Quality system and continuous improvement

• Coordinate and maintain the QMS processes and documentation to ensure they are complete, current, and usable by cross-functional teams.


• Drive continuous improvement initiatives that strengthen compliance, effectiveness, and scalability of the QMS.


• Monitor company-wide quality objectives and ensure follow-through across functions.
  

Design controls and product development support

• Lead the design control program to ensure the design control process is complete, compliant, and well-documented.


• Partner with R&D, clinical, and operations to ensure quality requirements are met in an efficient, compliant, and scalable manner.


• Ensure appropriate risk management, traceability, and documentation practices are followed for design changes and design outputs.


• Establish and maintain production traceability standards that are right-sized with planned scalability.

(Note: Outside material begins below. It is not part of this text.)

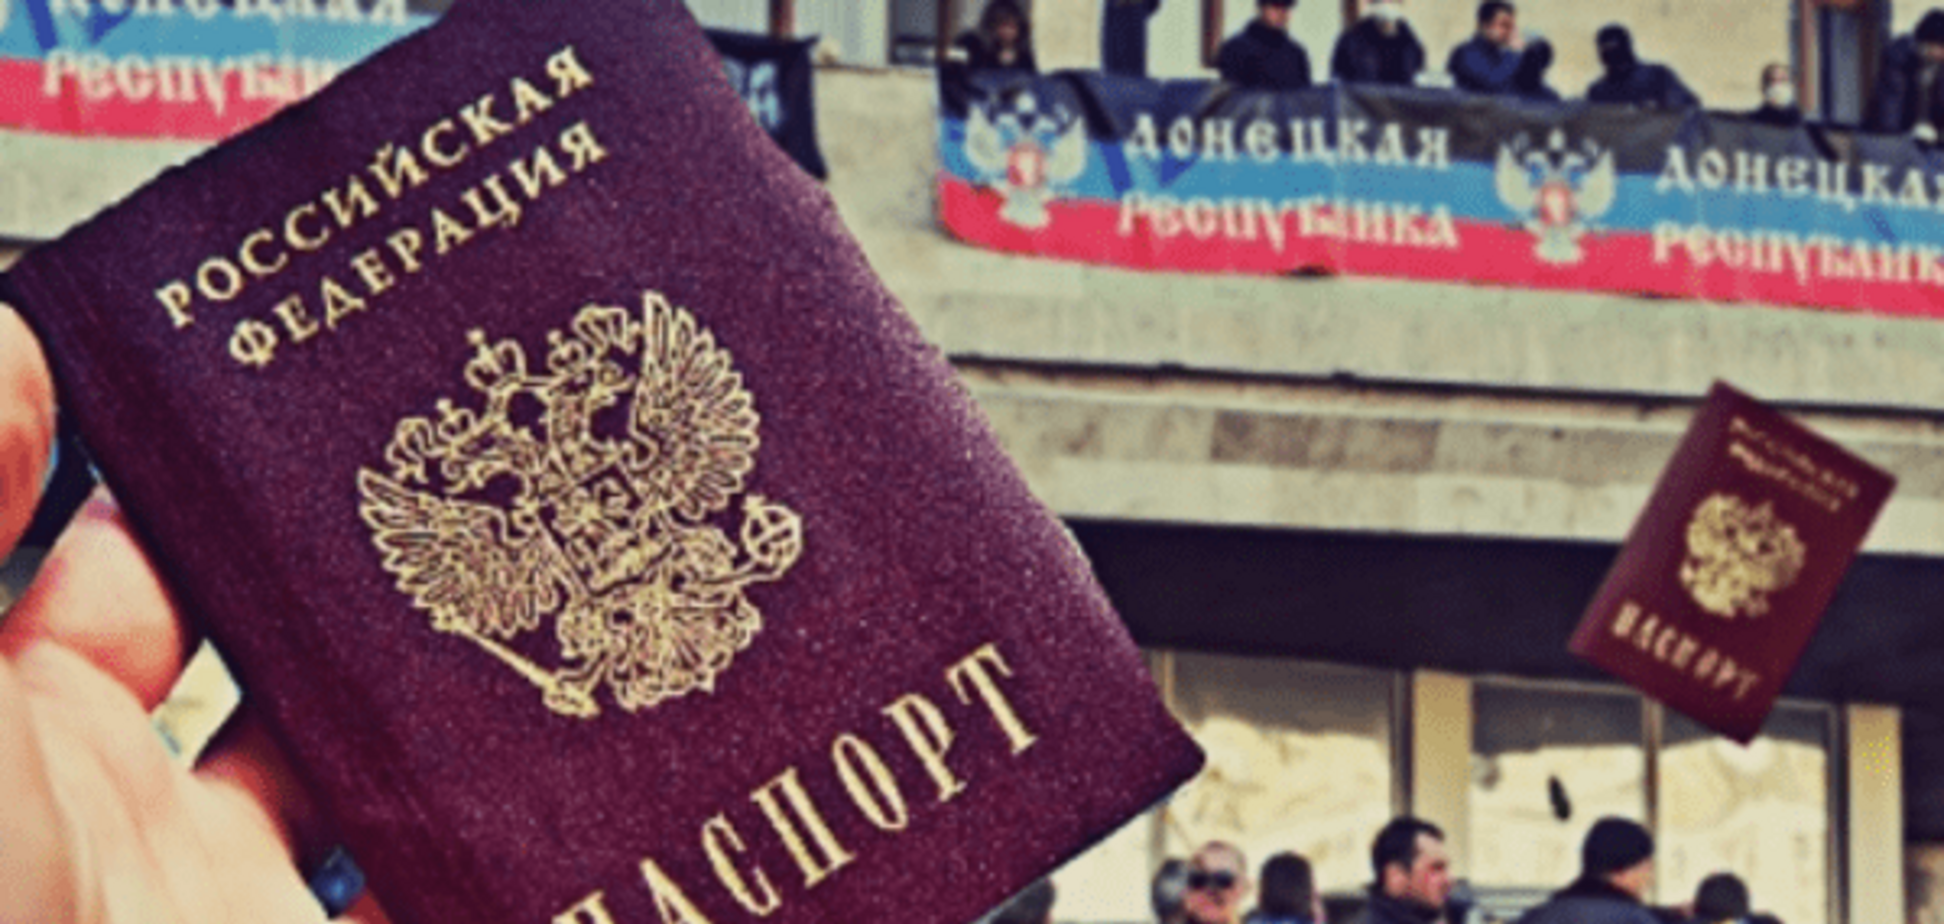 Паспорта Росси на Донбассе

Change control and cross-functional quality partnership

• Represent Quality within the change control system. Review and approve changes as appropriate, ensuring impacts to risk, validation, labeling, suppliers, and regulatory commitments are evaluated.


• Support and improve training processes, including identifying changes to curricula and standards that affect QMS requirements.

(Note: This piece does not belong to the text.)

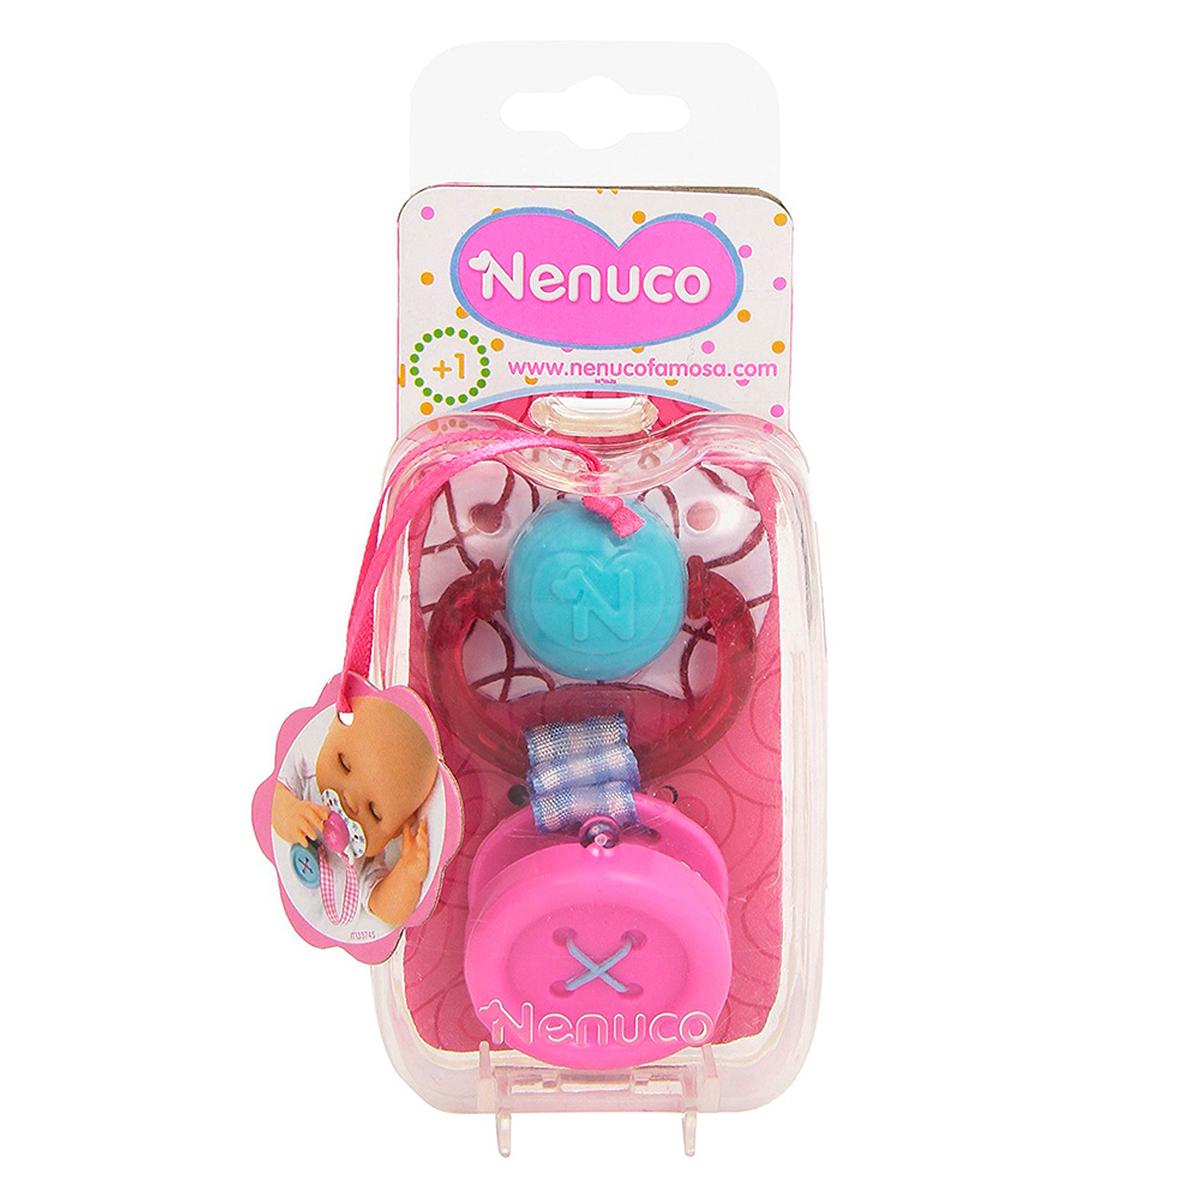 Nenuco Muñeco (varios modelos) Nenuco Accesorios | Toys"R"Us España

CAPA, nonconformances, complaints, and supplier quality

• Lead and/or support CAPA activities, including problem definition, root cause analysis, effectiveness checks, and documentation quality.

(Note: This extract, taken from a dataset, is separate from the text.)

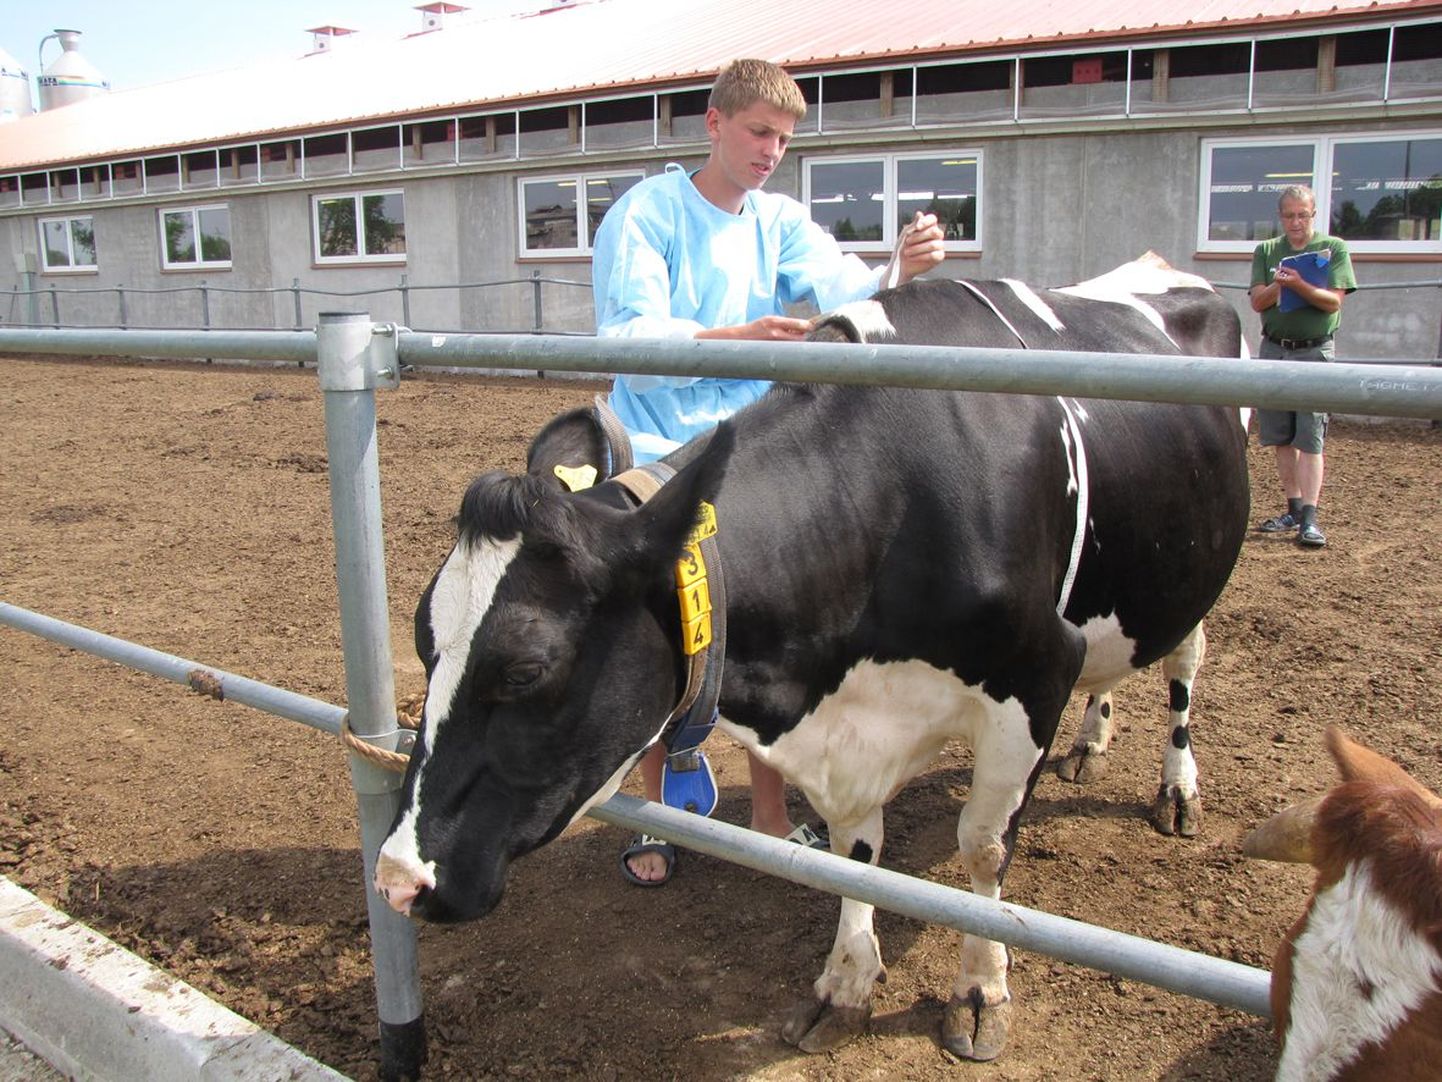 Imavere Sassi talust pärit Taavi Rohtsalu määrab lehma kaalu, mõõtes lehma ümbermõõtu abaluude kohalt.

• Support nonconforming material reports (NMR) and complaint handling processes, ensuring timely investigation and appropriate escalation.


• Support supplier assessment activities, including qualification, monitoring, and issue resolution in collaboration with operations and procurement.


• Define and support incoming inspection processes, calibration, and preventative maintenance activities.

Audits and inspection readiness

• Lead and manage the internal audit program, including audit planning, execution, reporting, and follow-up actions.


• Support external audits and inspections by ensuring audit readiness and objective evidence availability.

What you bring

• Bachelor’s degree in a technical discipline or equivalent practical experience.


• 4–5 years of experience in a quality role within a medical device manufacturing environment.


• 3+ years of quality system auditing experience, including planning and executing audits.


• Demonstrated expertise in documented quality systems and strong comprehension of QMS concepts and process-based quality.


• Strong command of ISO quality systems and harmonized standards relevant to medical devices.


• Strong interpersonal skills. Able to influence across functions and communicate clearly at all levels.


• Practical, hands-on execution style. Comfortable doing the work and driving others to closure.

Nice to have

• Experience supporting design controls for software-enabled or connected medical devices.


• Experience with supplier quality in early-stage, rapidly scaling manufacturing environments.


• Experience supporting FDA inspections and responding to audit findings.


• Experience within the diabetes clinical space


• MDR and CE marking

What to expect

The first step is to apply for this job on our website. Next, we will schedule a virtual interview with the hiring manager to introduce you to the company and the role. Finally, we will invite you on-site to discuss your experience and meet the team.

We are in a hurry to find the right person, not in a hurry to hire, so we will take time getting to know you and making sure that you will be an excellent fit for the work that we are doing.

Equal opportunity employer

All qualified applicants will receive consideration for employment without regard to race, color, religion, sex, sexual orientation, gender identity, national origin, or protected veteran status, and will not be discriminated against on the basis of disability.

Physical demands

The physical demands described here represent those that an employee must meet to perform the essential functions of this job successfully. Reasonable accommodations may be made to enable individuals with disabilities to perform essential functions.

• Sit for extended periods of time at a keyboard and mouse


• Lift and move up to 25 lbs


• Work in a second-story office up a flight of stairs


• Hearing and speaking will be required regularly


• Specific vision abilities include close and distance vision, depth perception, peripheral vision, and the ability to adjust focus

To all staffing and recruiting agencies

This posting is only for individuals seeking a job at Luna Health. Only authorized staffing and recruiting agencies may use this site or submit profiles, applications, or resumes on specific requisitions. Luna Health does not accept unsolicited resumes or applications from agencies. Please do not forward resumes to Luna Health. Luna Health is not responsible for any fees related to unsolicited resumes or applications.